Débats passionnés
Etats généraux de la bioéthique : ces réflexions qui pourraient permettre de sortir des violents débats sur la PMA
Parmi les débats organisés dans le cadre des états généraux de la bioéthique, le sujet de la procréation médicalement assistée (PMA) suscite beaucoup de tensions.
Atlantico : Comment sortir de la polarisation excessive des débats autour de la PMA tels qu'ils apparaissent dans les "débats citoyens" organisés partout en France en ce moment ?
François Martin :Ces débats ne sont pas seulement polarisés, ce qui est le propre de tout débat, ils sont insolubles par nature car ils opposent, non des solutions différentes à un problème identifié et partagé entre les deux camps, mais deux conceptions du problème lui-même. Deux clivages essentiels se recoupent assez largement. Entre les conservateurs et les progressistes: les premiers se satisfont de l’existant, les seconds prétendent incarner l’histoire en marche. Mais il y a plus irréconciliable encore.
Le débat oppose au fond deux conceptions radicalement opposées. La première pense que l’action humaine, la loi, doit respecter certaines limites, qu’elles soient religieuses, morales ou philosophiques; disons la notion de droit naturel, entendu comme une norme universelle et intemporelle qui s’impose comme une évidence à toute loi humaine. De ce point de vue, la procréation ne peut résulter que de l’union d’un homme et d’une femme, éventuellement aidée par la médecine en cas d’infertilité pathologique.
La seconde conception n’admet aucune autre limite à l’action humaine que celle qui résulte de la volonté générale. Aucune loi naturelle ne doit s’imposer à la liberté humaine. Si deux femmes ou deux hommes veulent « procréer », il est naturel qu’ils puissent le faire.

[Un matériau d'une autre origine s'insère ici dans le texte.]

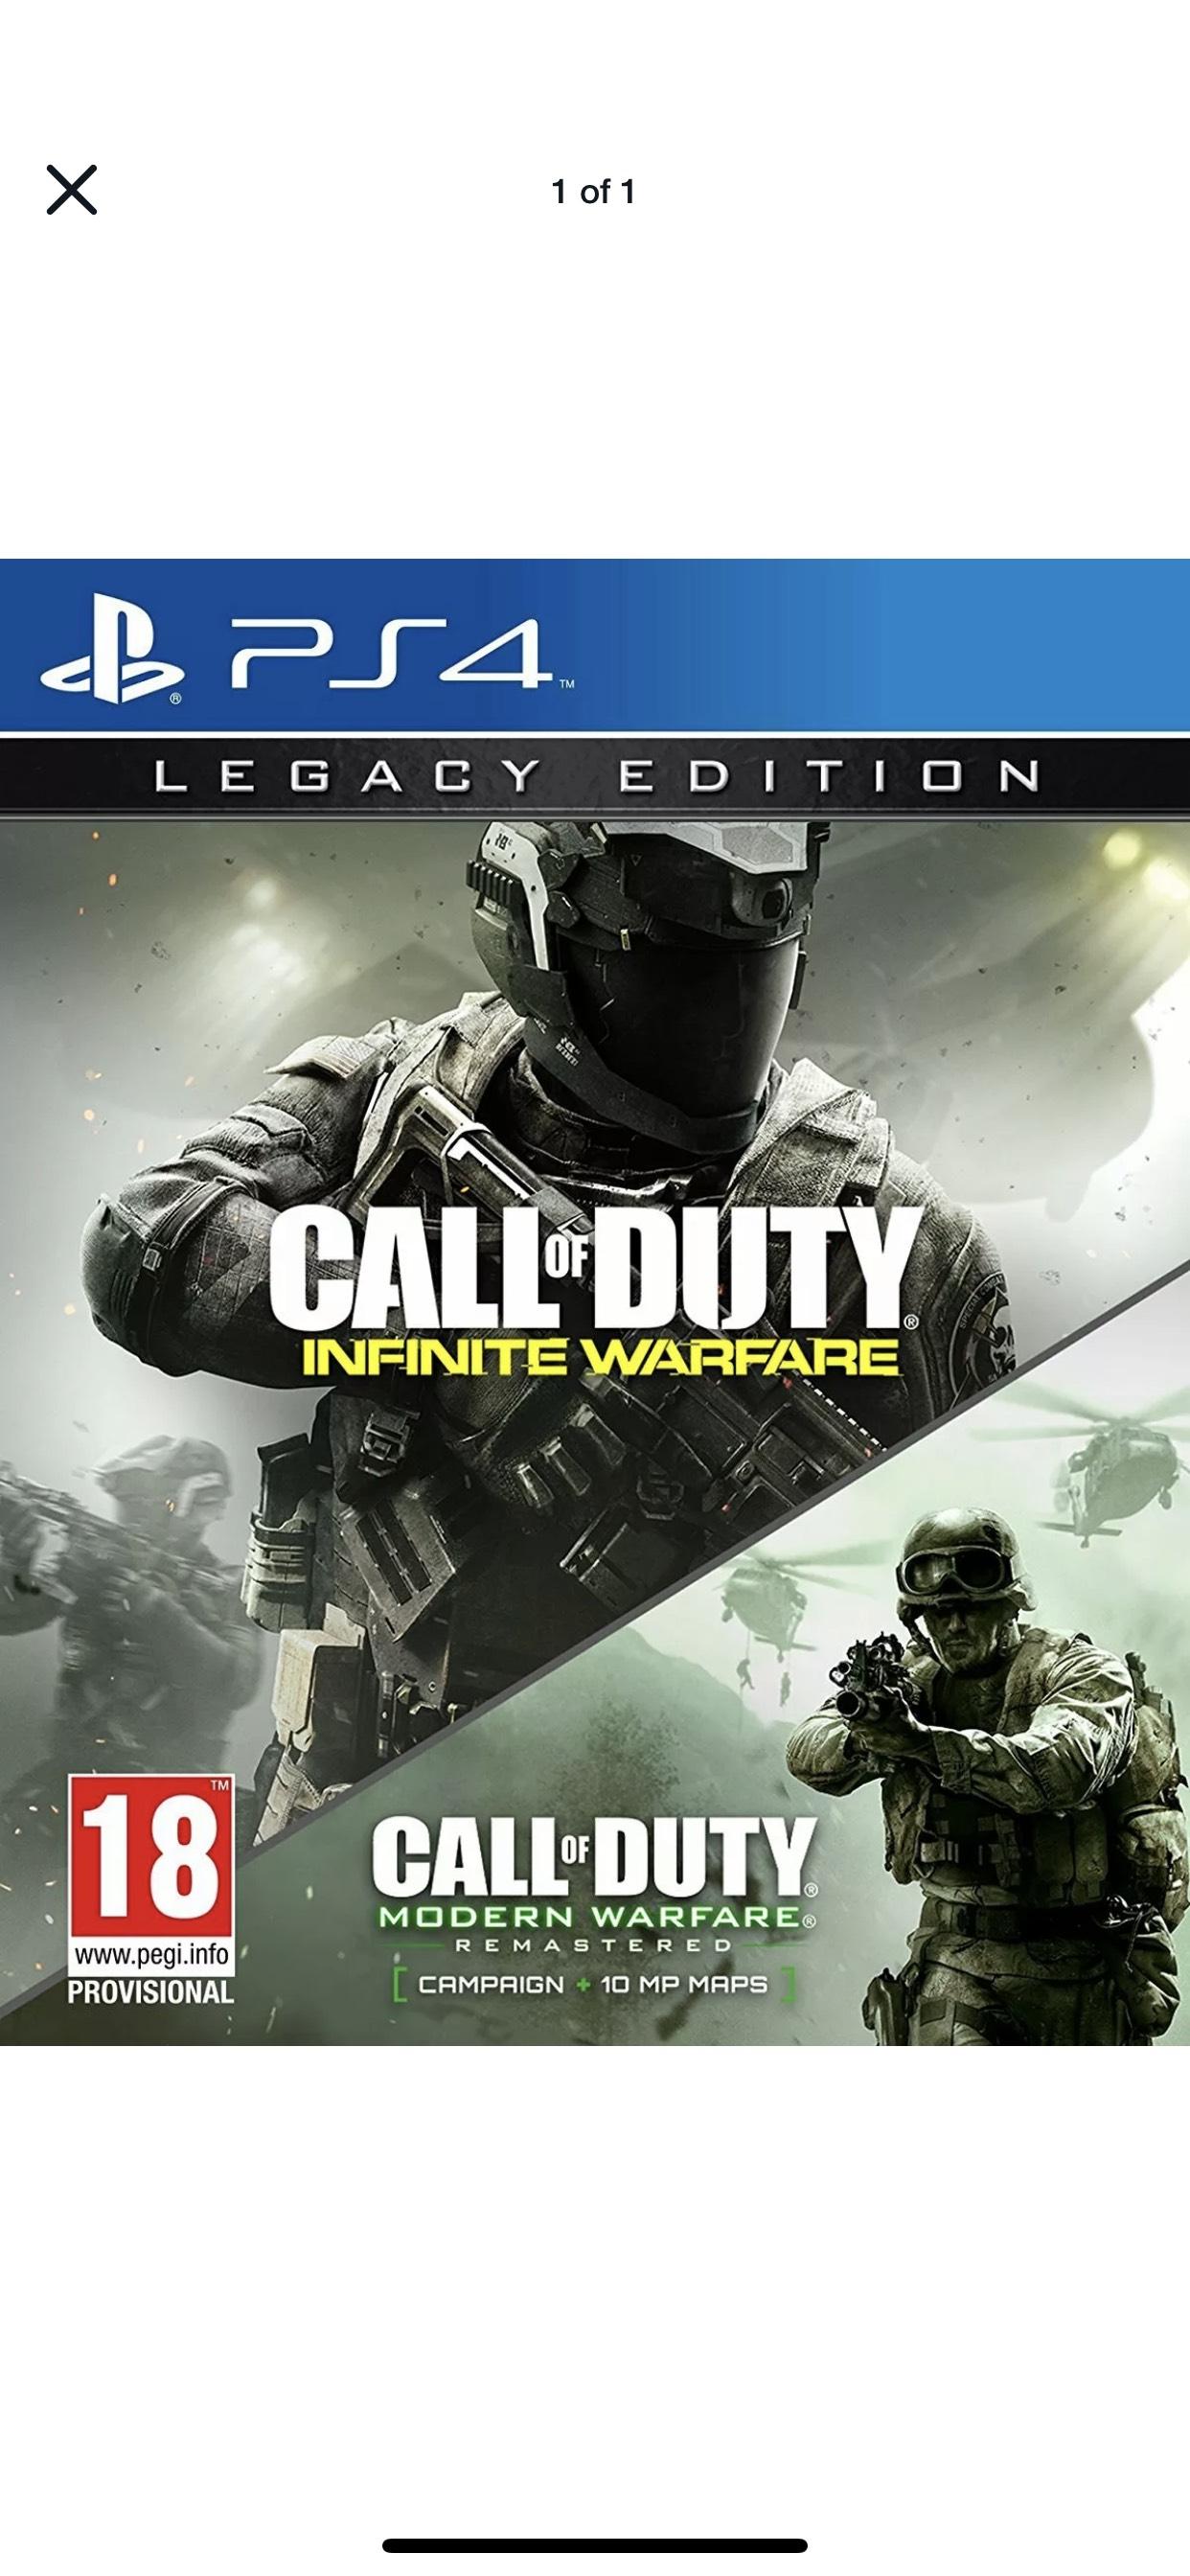 Call of Duty Infinite Warfare - Legacy Edition | PlayStation 4 PS4 New - £7.99 @ eBay / itemdr

Cette opposition irréconciliable s’est souvent traduite dans l’histoire politique occidentale récente par la victoire du camp progressiste et partisan de la liberté totale. Avec des dérives bien connues: pas de liberté pour les ennemis de la liberté, quitte à faire le bien du peuple malgré lui.
Car le camp qui estime incarner le progrès ne supporte guère la contradiction, et parfois, de bonne foi, ne la comprend même pas. Comment peut-on être contre le progrès, la liberté, l’égalité?
Bref, et pardon pour ce long développement: ces débats ne peuvent pas être sereins et constructifs, ils ne peuvent pas déboucher sur un accord.
Le précédent président de la République le savait bien, quand il a pris la responsabilité du projet de loi sur le mariage dit pour tous, dont on voit aujourd’hui la suite logique.
Le problème avec ce genre de dossier, qui touche au médical, au politique et à l'éthique en même temps n'est-il pas qu'il demande une compréhension de la complexité du phénomène. Ne devrait-on pas réserver ce débat à un comité d'éthique reflétant les diverses tendances plutôt que de laisser le débat à des groupes de pressions qui arrivent avec leur argumentaire tout prêt ?
François Martin : Le médical, du point de vue thérapeutique, n’est pas en débat. Si les mots ont un sens, aider un couple hétérosexuel à enfanter peut relever de la médecine; pour un couple homosexuel cela relève du droit.
Il s’agit en effet d’une question éthique et profondément politique. Il me semble qu’en démocratie elle relève du débat entre citoyens: le fait que ces débats ne puissent aboutir, comme nous venons de le voir, n’est pas une raison pour en condamner le principe. Même si vos confrères de France Info, qui ont manifestement choisi leur camp, font une retranscription des débats qui n’avantage pas une des parties.
La complexité d’un sujet n’est pas une raison pour en écarter les simples citoyens et réserver la parole à quelque comité dont l’impartialité sera toujours sujette à caution.
Il y a un lieu naturel pour ce débat: le Parlement. À condition que la discussion soit organisée de manière objective, impartiale et respectueuse. Ce qui n’a pas été le cas pour la loi Taubira.
Le problème du débat sur la PMA n'est-il pas de toute façon biaisé dans le sens où l'Etat tolère déjà d'une certaine façon la PMA quand elles est faite en dehors du territoire ?
François Martin : Oui, tolérer les pratiques actuelles en matière de PMA et de GPA revient à préparer une légalisation de fait, précédant la légalisation de droit, au nom du sens de l’histoire et d’une fausse conception de l’égalité.
Mais il est au moins un domaine où le progressisme forcené semble aujourd’hui en difficulté face au conservatisme. Ce domaine n’est pas le moindre puisqu’il s’agit de la protection de l’environnement et de la planète. On réalise que, peut-être, tout n’est pas permis, que l’homme doit se fixer des limites. Cette prise de conscience pourrait elle gagner le débat sur la procréation et la vie humaine?
Si les débats citoyens y contribuaient, ils ne seraient pas vains.